• **Problem statement**: Give the lines again exactly as they appear below, from the line with "Res: 1920x1080, cute white ferret" to the line with "HQ Holden 350 Chev Engine 1", both included, and only those lines. Leave every picture out.

• **Material for this exercise**:
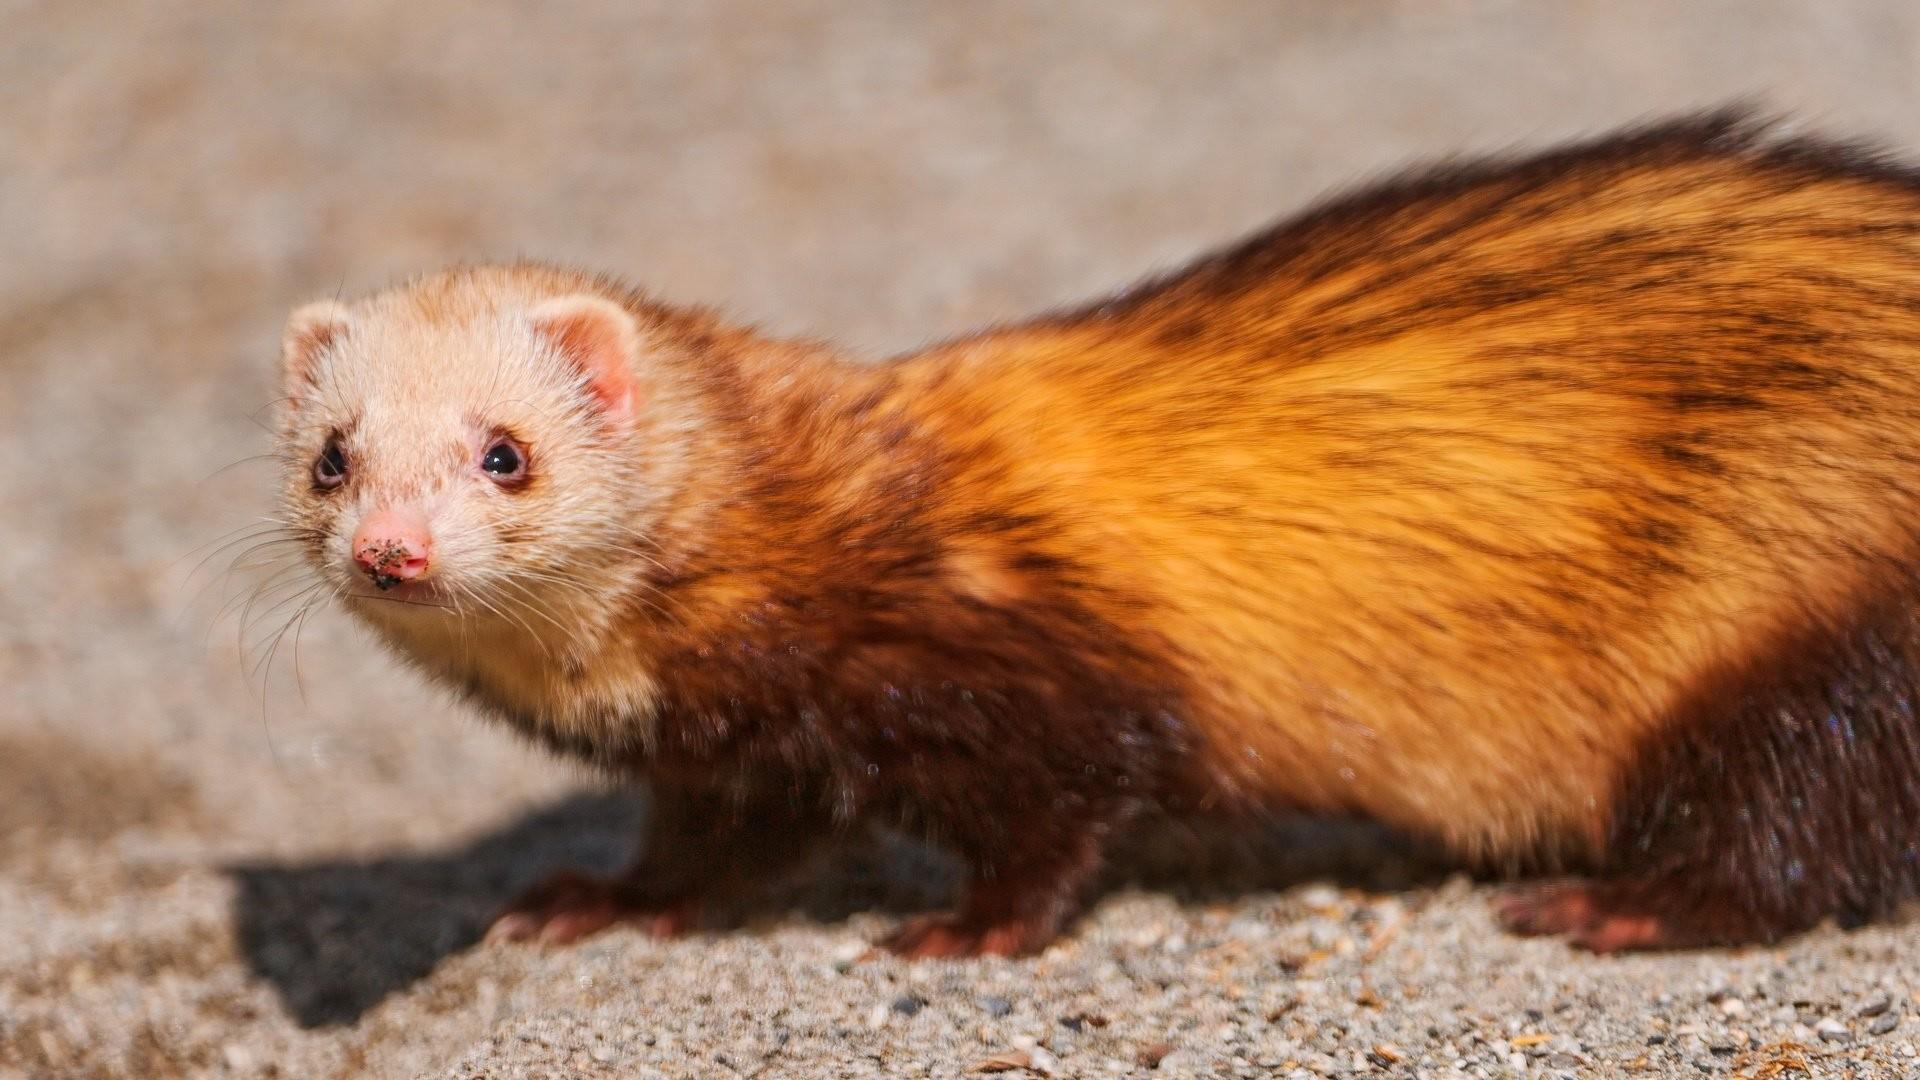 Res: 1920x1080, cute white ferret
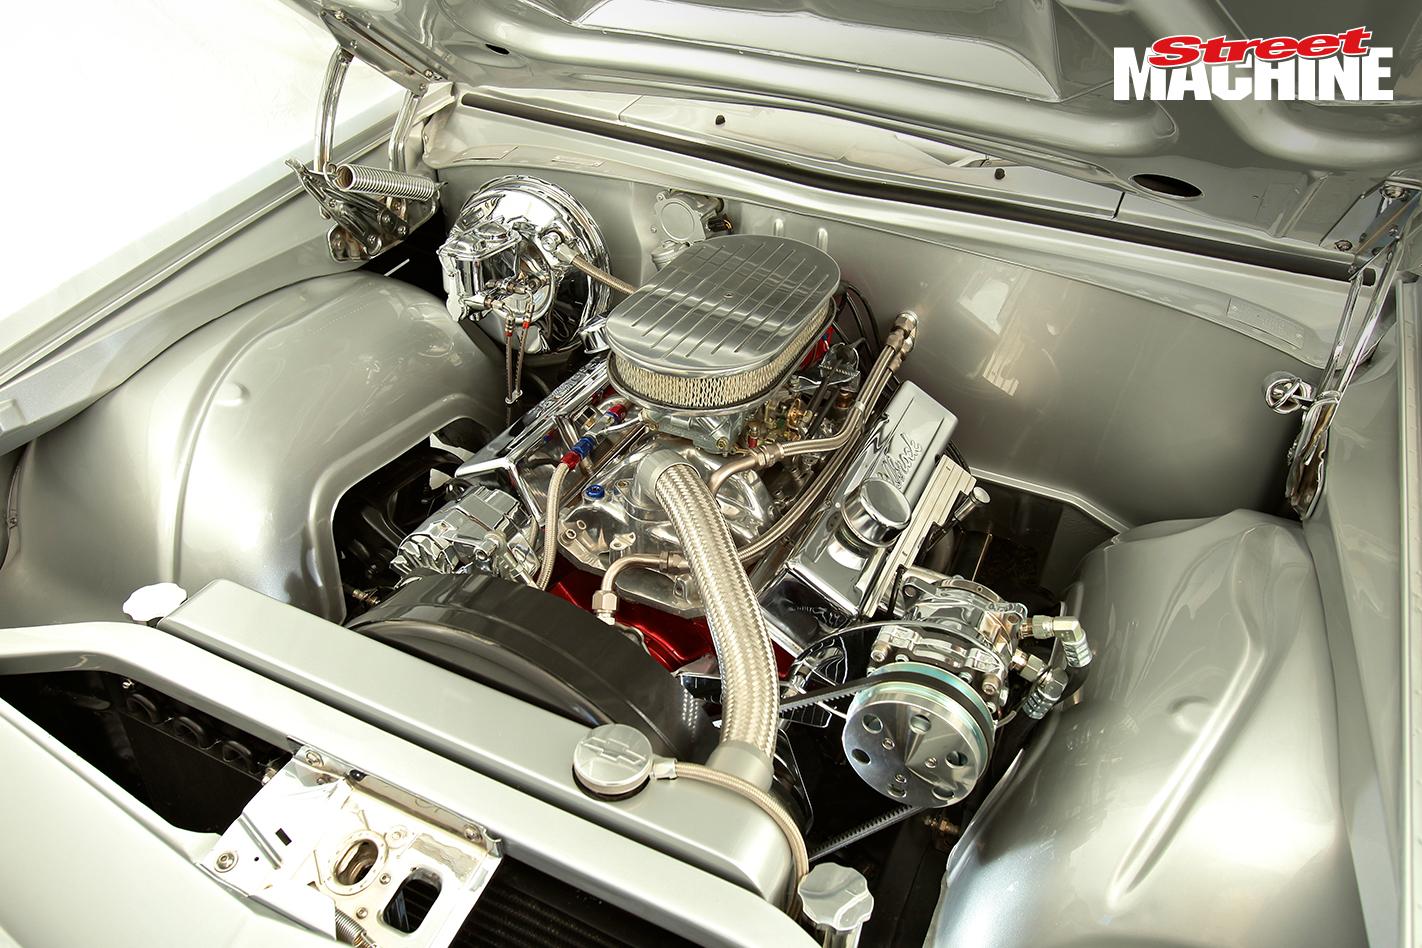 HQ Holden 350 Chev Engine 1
...
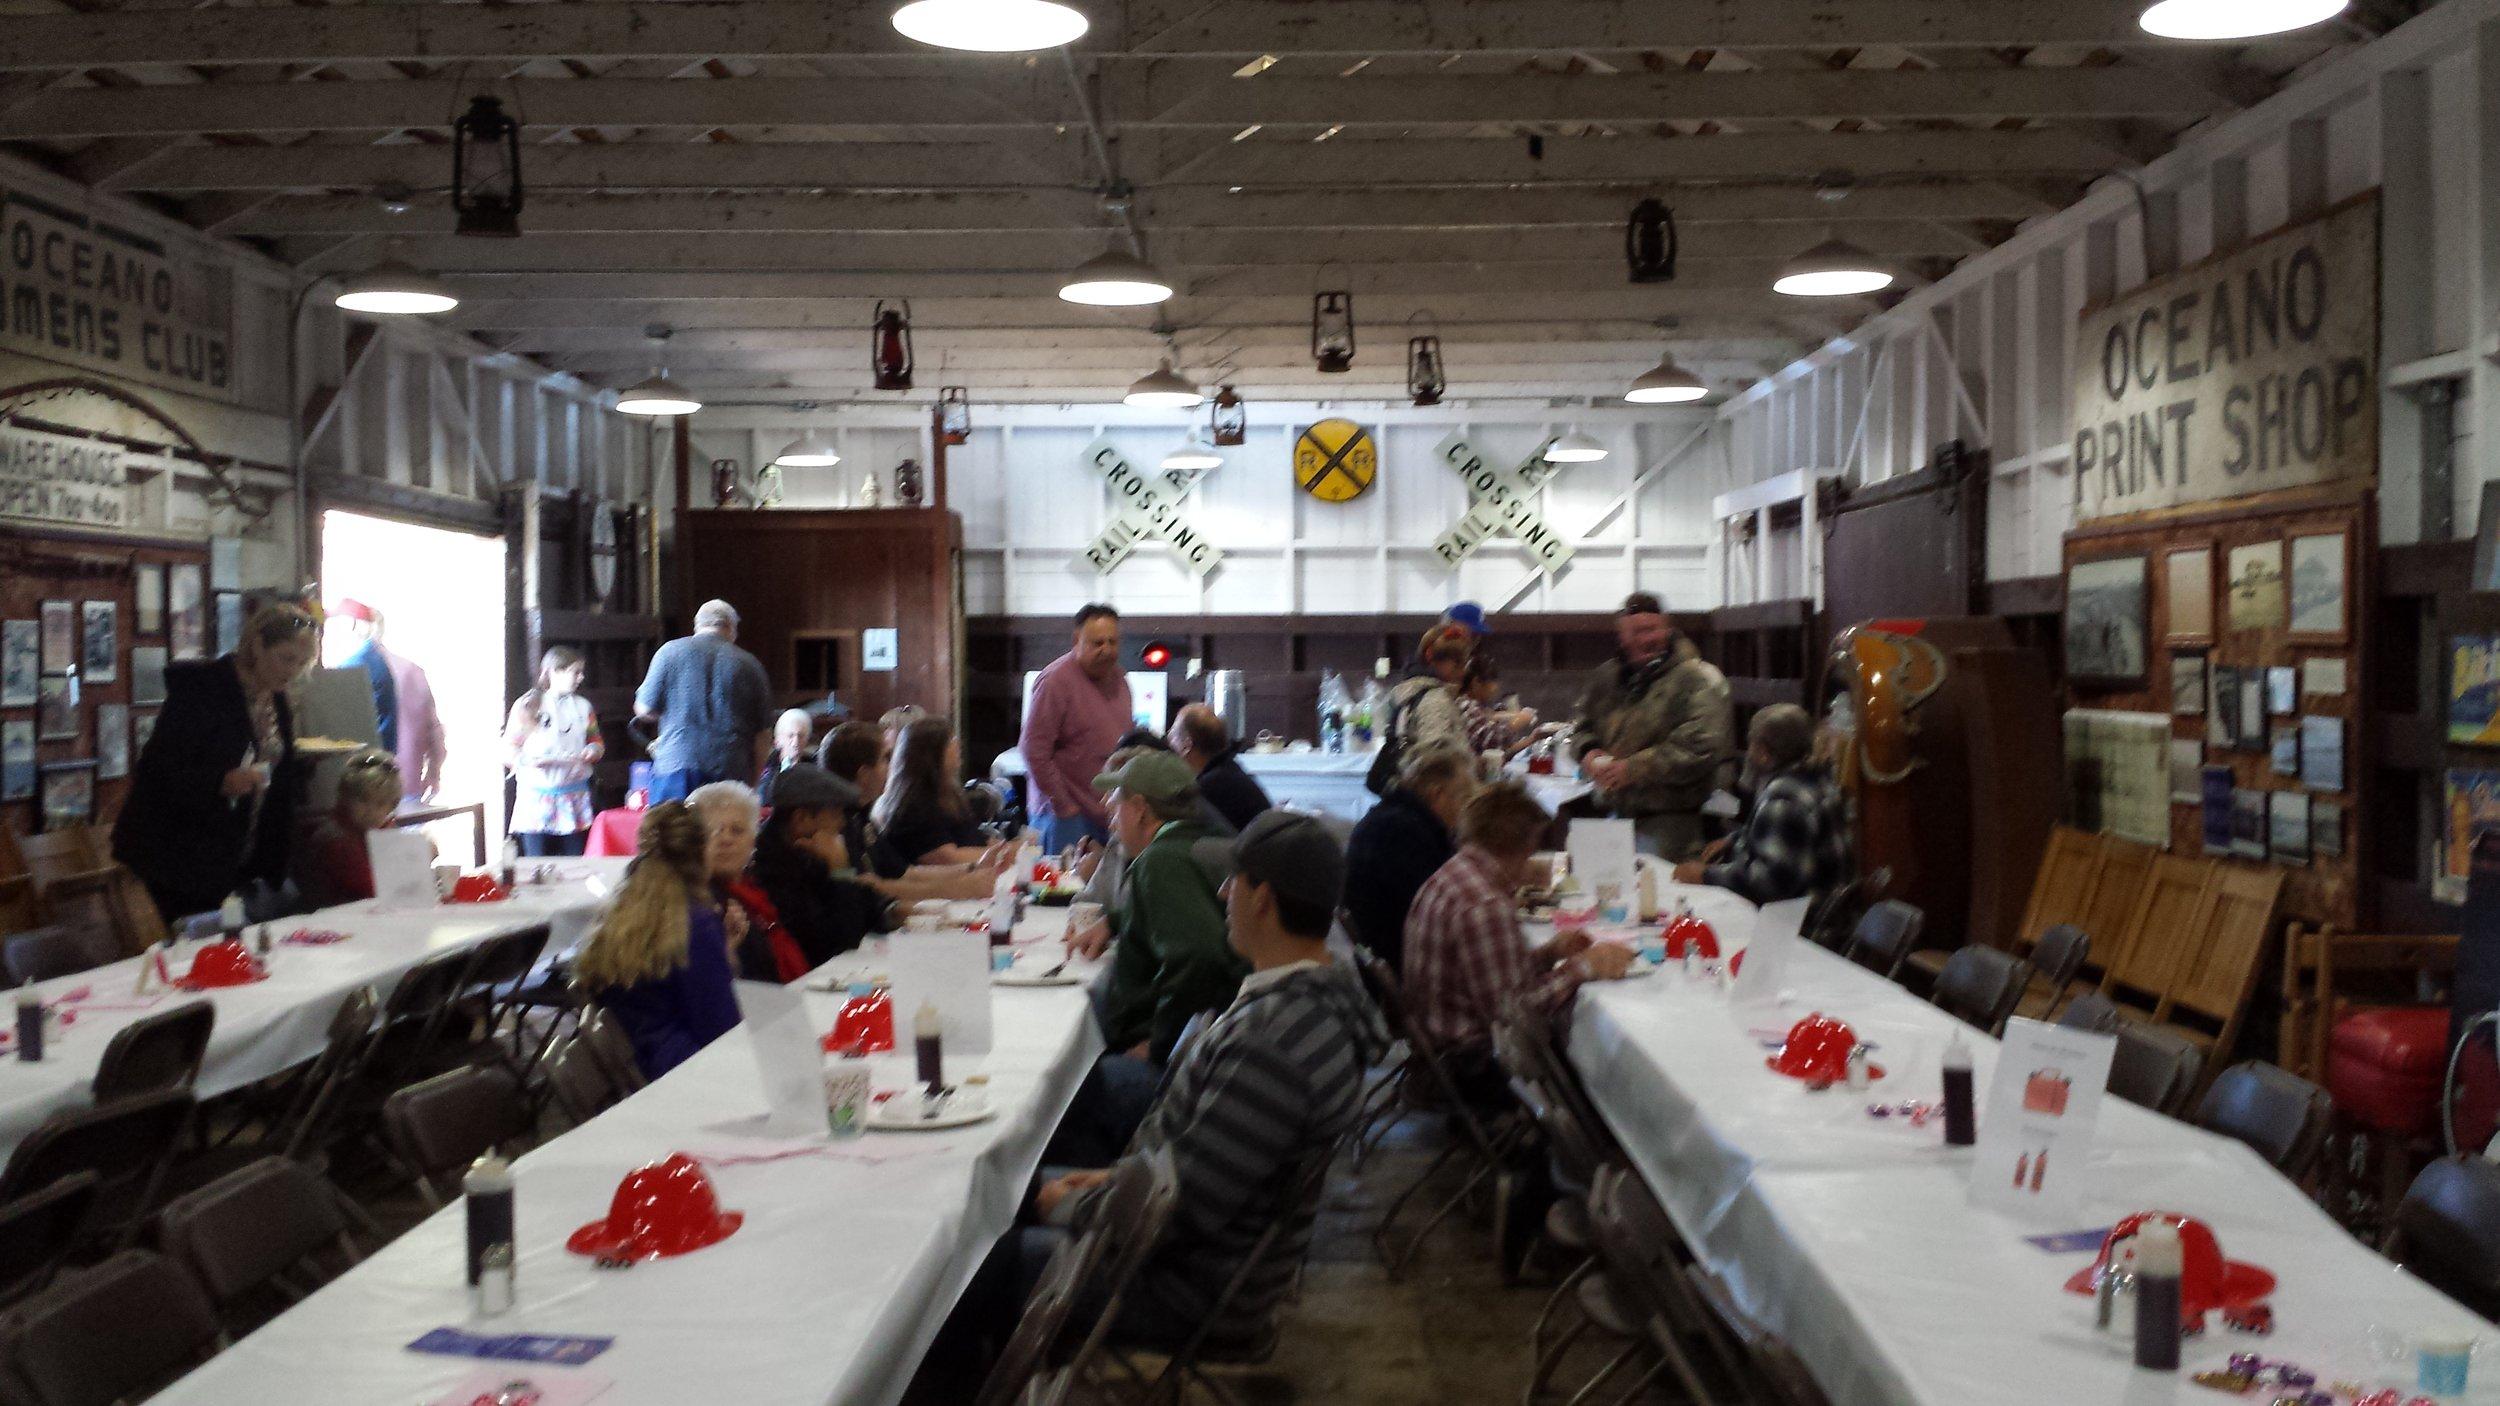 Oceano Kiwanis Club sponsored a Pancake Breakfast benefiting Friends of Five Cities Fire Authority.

• **Solution**:
 Res: 1920x1080, cute white ferret
 HQ Holden 350 Chev Engine 1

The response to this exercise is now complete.